Durant cette période, l’Algérie a dû faire face à d’importants défis, notamment le retrait des cadres étrangers qui assuraient la gestion des mines.
Malgré ces difficultés, d’énormes efforts ont été réalisés pour garantir la continuité des opérations dans le secteur, avec la formation de milliers de cadres, d’ingénieurs, de techniciens et d’ouvriers qualifiés, le lancement de projets de renouvellement et de modernisation des équipements, ainsi que l’ouverture de nouvelles mines, telles que celles de Beni Saf (Ain Témouchent), Boukaid (Tissemsilt), Kenadsa (Béchar) et Tamzerit (Bejaia).
Cette année, la commémoration de la nationalisation des mines se déroule dans un contexte de nouveaux défis et enjeux. En effet, plusieurs projets miniers structurants sont en cours de réalisation, accompagnés de stratégies ambitieuses visant à opérer un saut qualitatif dans l’exploitation des ressources naturelles et à renforcer la position de l’Algérie sur les marchés mondiaux, tout en garantissant un développement durable pour les générations futures.

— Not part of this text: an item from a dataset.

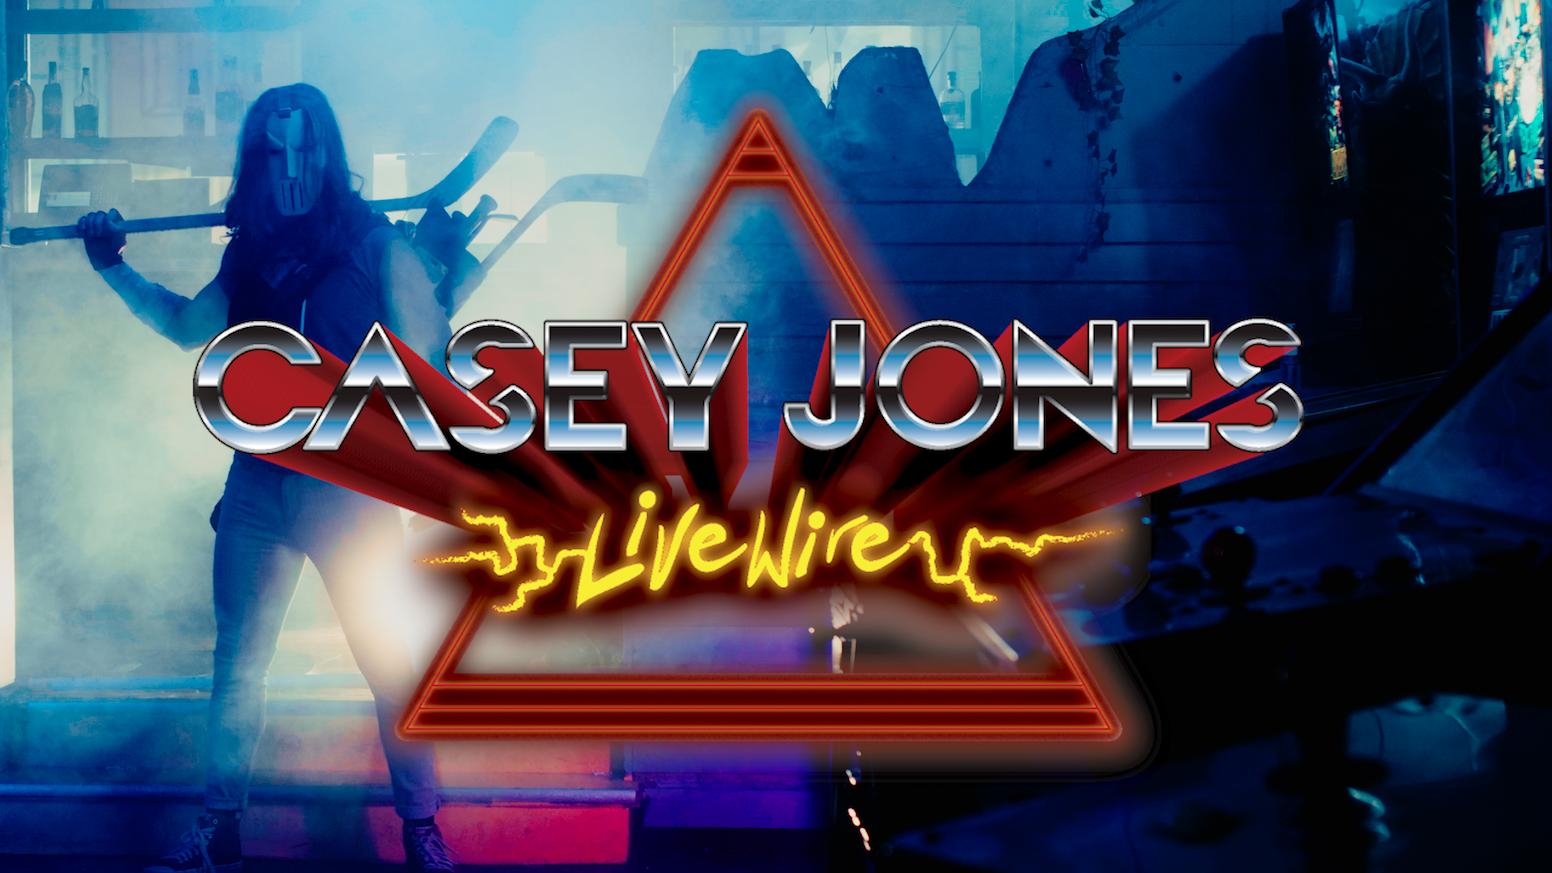 A radical short fan film starring everyone's favorite hockey-masked vigilante, Casey Jones!

Modernisation, Investissements et Développement Durable
Actuellement examiné au Parlement, ce texte vise à améliorer le climat de l’investissement minier en simplifiant les procédures d’accès aux activités de recherche et d’exploitation, en rendant les démarches plus transparentes et en offrant des conditions plus incitatives aux investisseurs, qu’ils soient publics, privés, nationaux ou étrangers.
Ainsi, les richesses minières de l’Algérie sont passées du statut de symbole d’exploitation coloniale à celui de pilier de souveraineté nationale, transformant une source de saignée des ressources du pays en base de croissance et d’industrialisation.
Entre la décision de nationalisation et les défis de valorisation, l’Algérie poursuit avec détermination son chemin vers une exploitation rationnelle et durable de ses richesses.
Dans cette optique, le gouvernement, sous la direction du président de la République, M. Abdelmadjid Tebboune, a lancé plusieurs projets miniers majeurs, tels que la mine de fer de Gara Djebilet à Béchar, en exploitation depuis juillet 2022, le projet de zinc et de plomb à Oued Amizour à Béjaia (34 millions de tonnes de réserves), ainsi que le projet intégré de phosphate à Tébessa, visant à faire de l’Algérie un exportateur clé d’engrais.